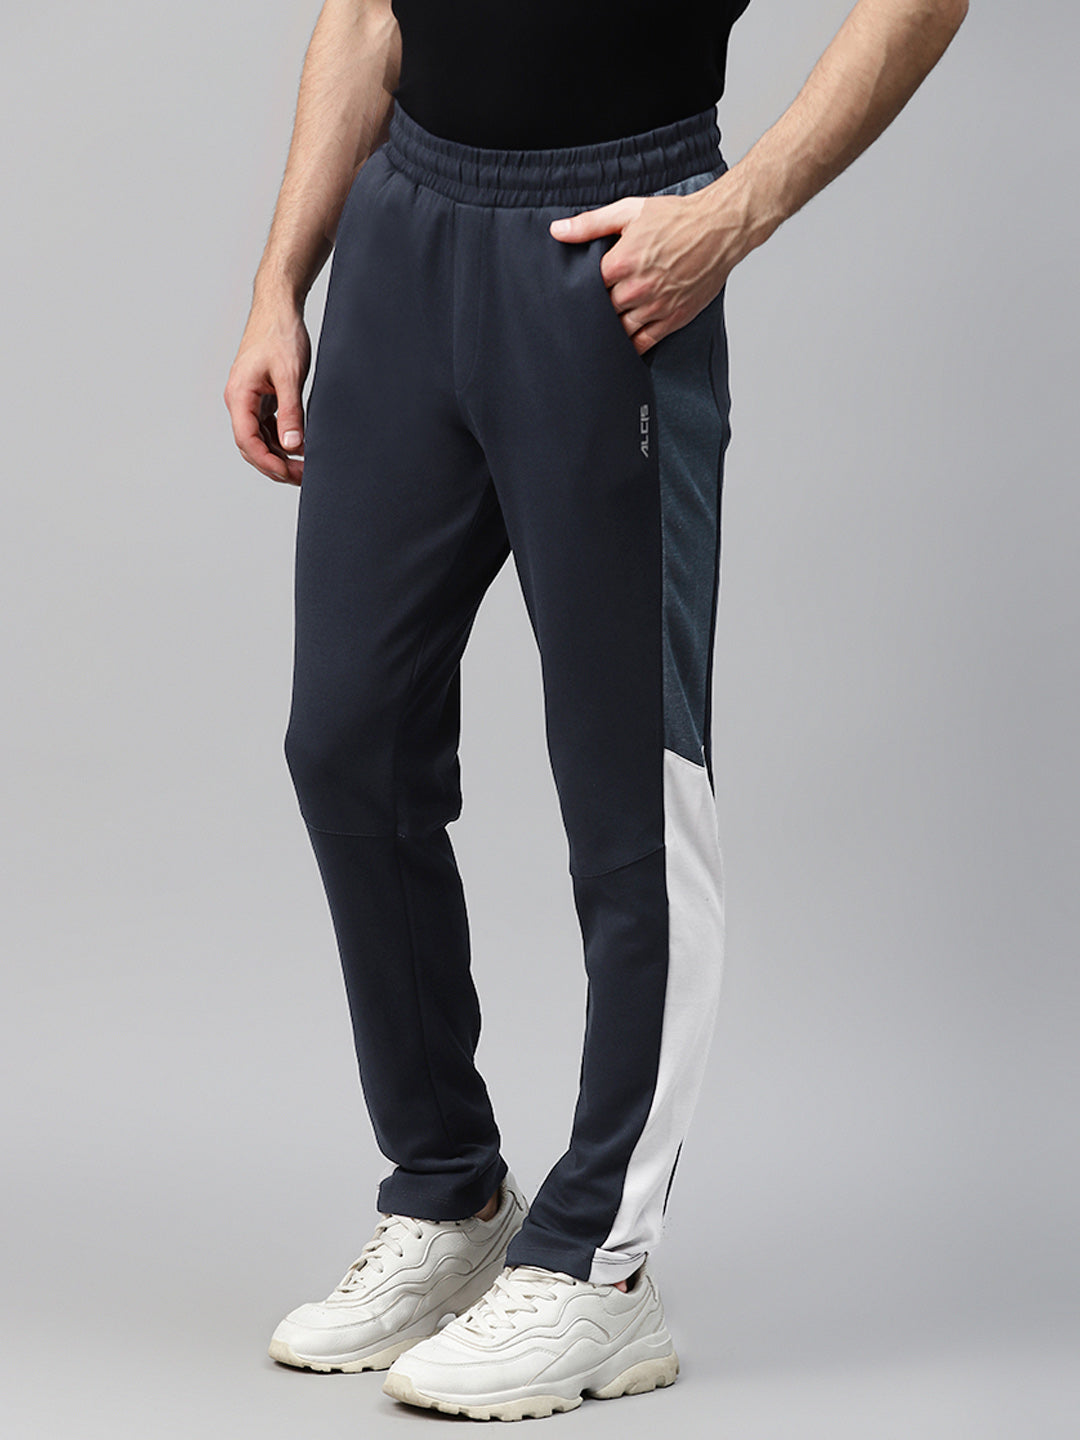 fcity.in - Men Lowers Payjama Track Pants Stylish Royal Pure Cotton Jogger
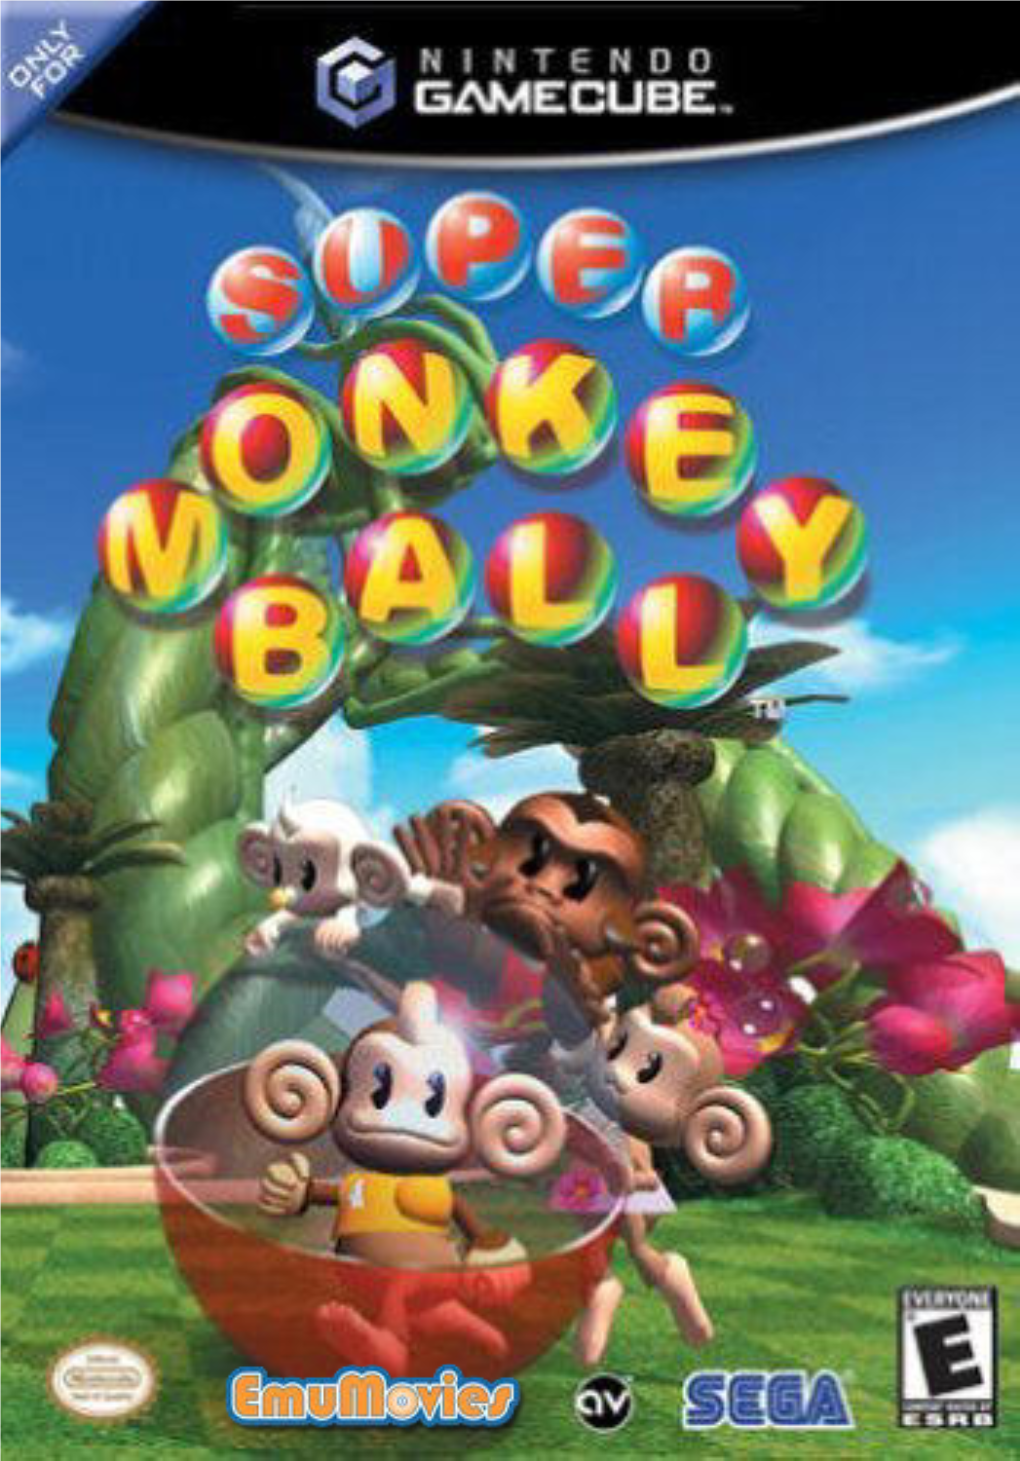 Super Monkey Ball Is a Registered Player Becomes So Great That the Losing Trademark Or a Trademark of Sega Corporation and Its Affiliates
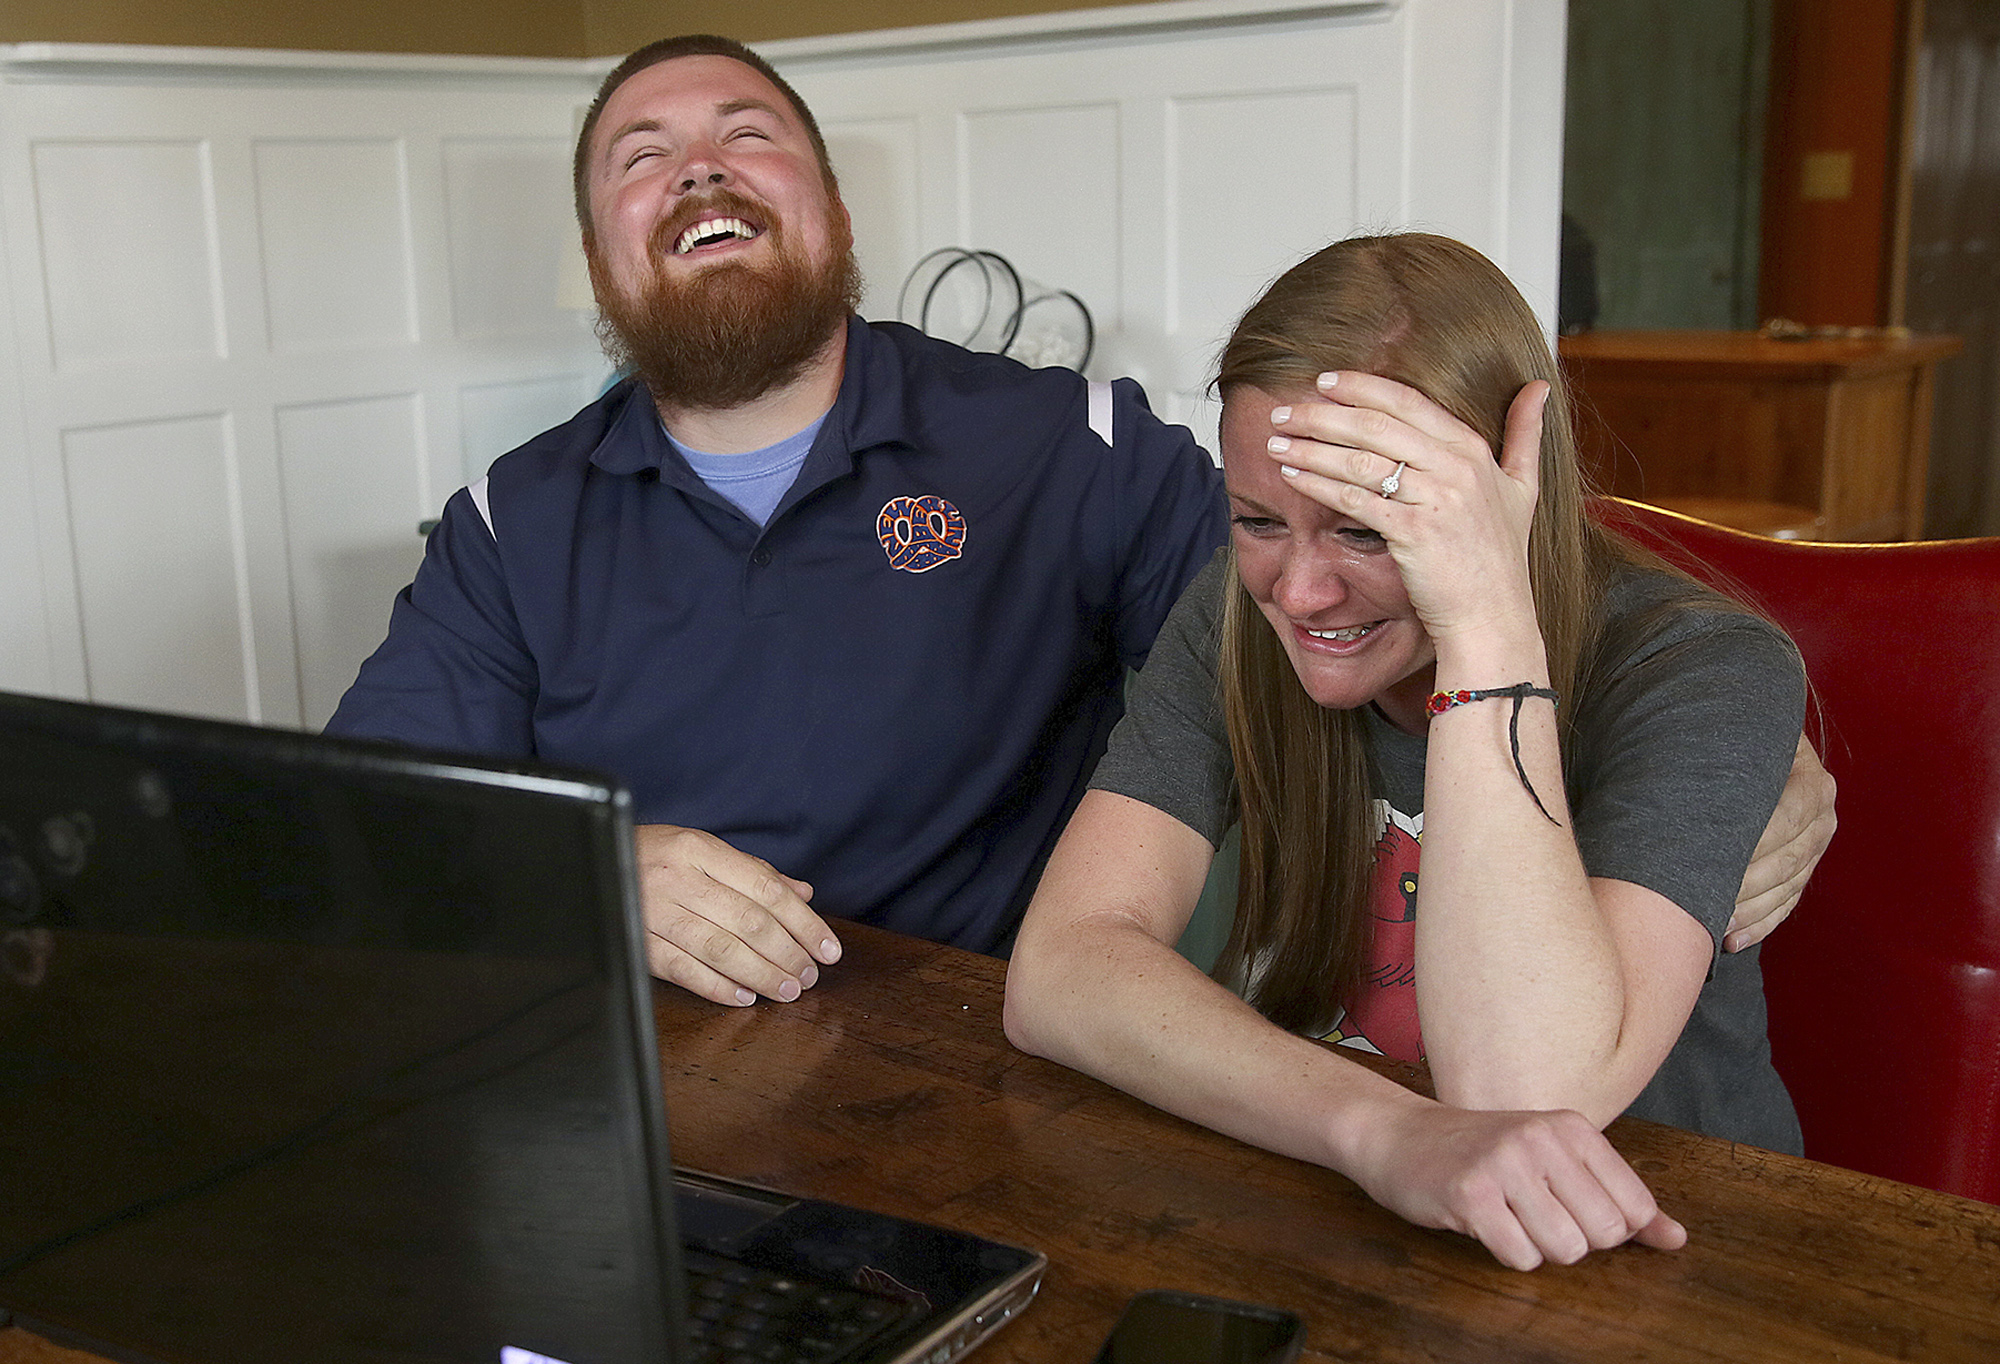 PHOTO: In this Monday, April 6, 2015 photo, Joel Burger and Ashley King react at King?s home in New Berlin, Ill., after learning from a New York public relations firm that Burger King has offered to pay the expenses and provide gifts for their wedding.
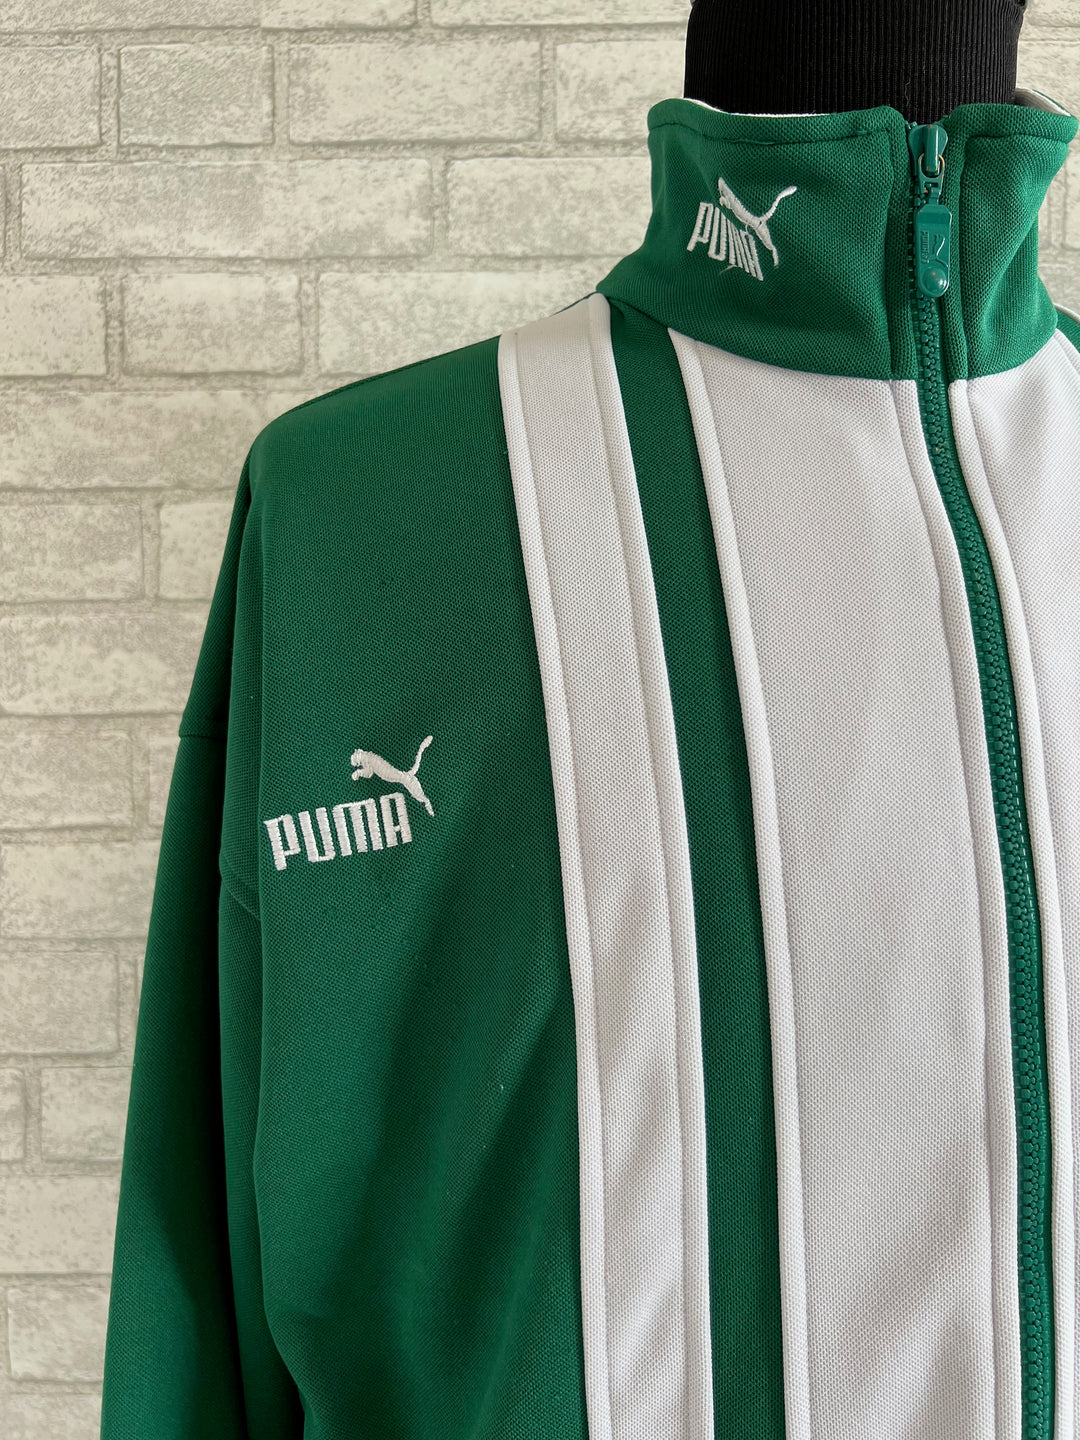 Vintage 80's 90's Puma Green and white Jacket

What you will do: Restate the material word for word; no picture should appear in the copy.

Reply:
 fcity.in - Men Lowers Payjama Track Pants Stylish Royal Pure Cotton Jogger
 Super Monkey Ball Is a Registered Player Becomes So Great That the Losing Trademark Or a Trademark of Sega Corporation and Its Affiliates
 PHOTO: In this Monday, April 6, 2015 photo, Joel Burger and Ashley King react at King?s home in New Berlin, Ill., after learning from a New York public relations firm that Burger King has offered to pay the expenses and provide gifts for their wedding.
 Vintage 80's 90's Puma Green and white Jacket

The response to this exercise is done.